Music magazine Rolling Stone has realized an uptick of 20 percent in sales with an August issue that featured a flattering photograph of accused Boston marathon bombing suspect Dzhokhar Tsarnaev.
The cover image the magazine used was a self-taken portrait of the bombing suspect that shows the youth with a mane of tousled black hair surrounding a face studded with sparse fuzz, sporting a sly, partial grin, floating above a headline that simply says “The Bomber.” Critics felt the image glorified Tsarnaev.
Rolling Stone received much condemnation for the cover. Arizona senator John McCain called the cover “horrifying” while actor James Woods called the publisher an “a**hole” and called for a boycott of the magazine.
Others supported the use of the gauzy photo of bombing suspect Tsarnaev. The Washington Post’s Erik Wemple argued that attacks on Rolling Stone were “baseless” exploitation of public outrage, and Politico saw nothing wrong with the cover or the story that accompanied the image.
For his part, Rolling Stone editor Christian Hoard was defiant in the face of critics.
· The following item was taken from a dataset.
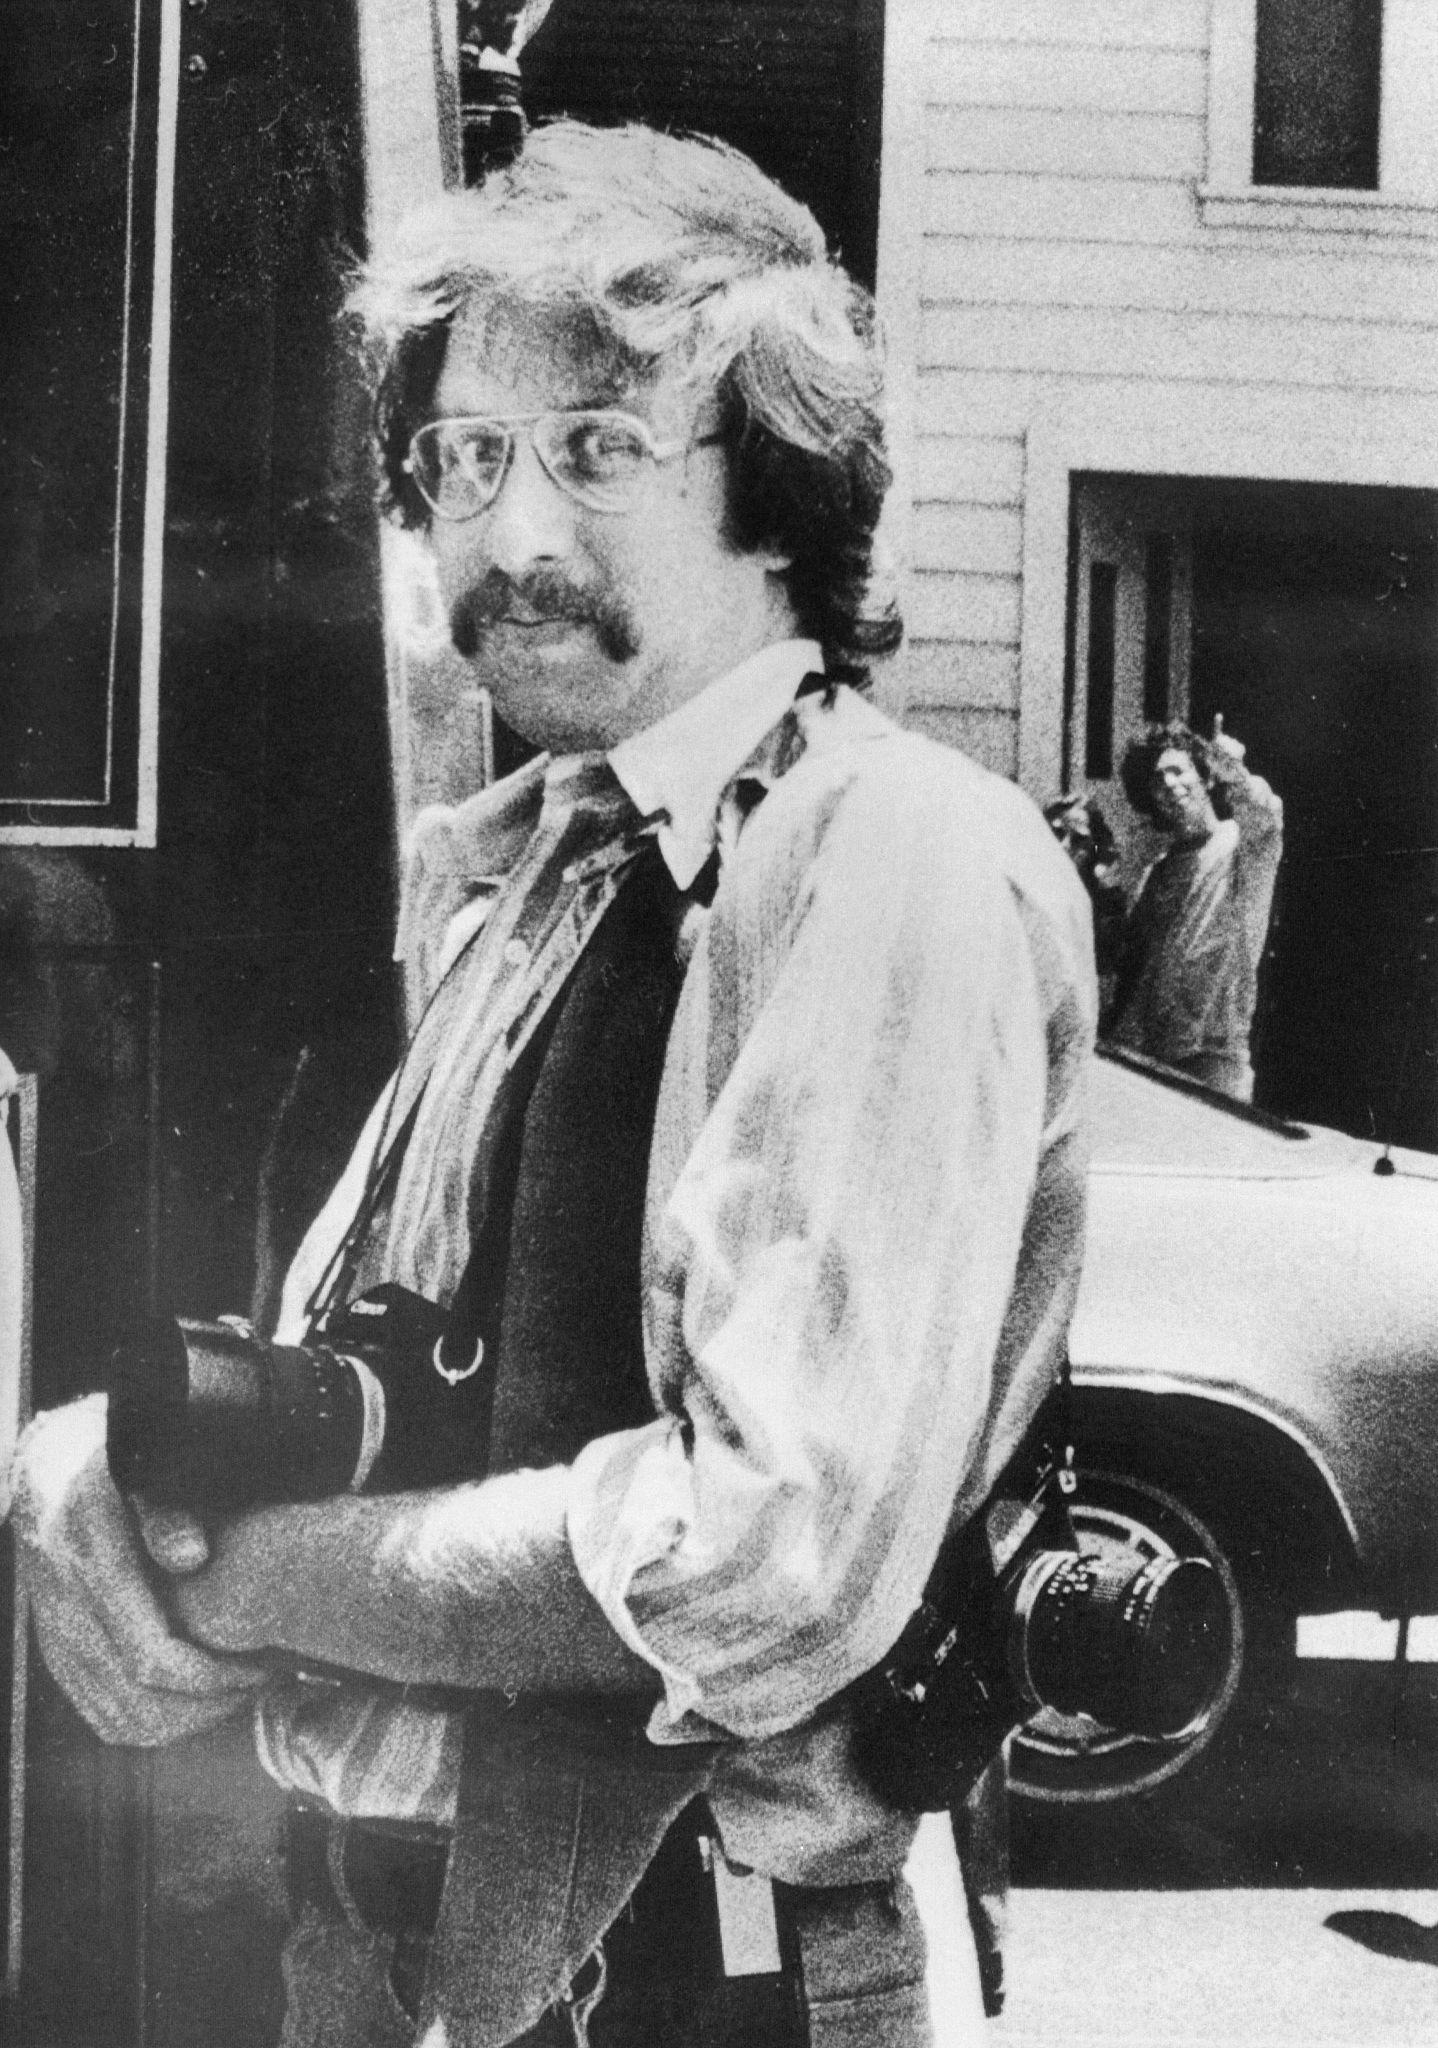 1978. Фотограф из Сан-Франциско Грег Робинсон был одним из пяти человек, убитых после нападения членов Народного храма в Гайане.jpg

Hoard made an off-color tweet, but even as he apologized for the tweet, he said he stood by the cover.
A number of the magazine’s retailers were unhappy with the controversy. Retailers Tedeschi Food Stores, Roche Bros. groceries, Stop & Shop, CVS drugstores, Walgreens, Rite Aid, and Kmart all announced that they would not sell the August issue featuring Tsarnaev’s face.
None of this seems to have mattered for the magazine’s sales, however. The New York Post reports, “One circulation source said the sales for the issue through the first weekend were running about 20 percent above its normal rate.”
The magazine has declined to comment on sales stats.
News of Rolling Stone’s boosted sales occurred on the same day that the last victim of the bombing was released from the hospital.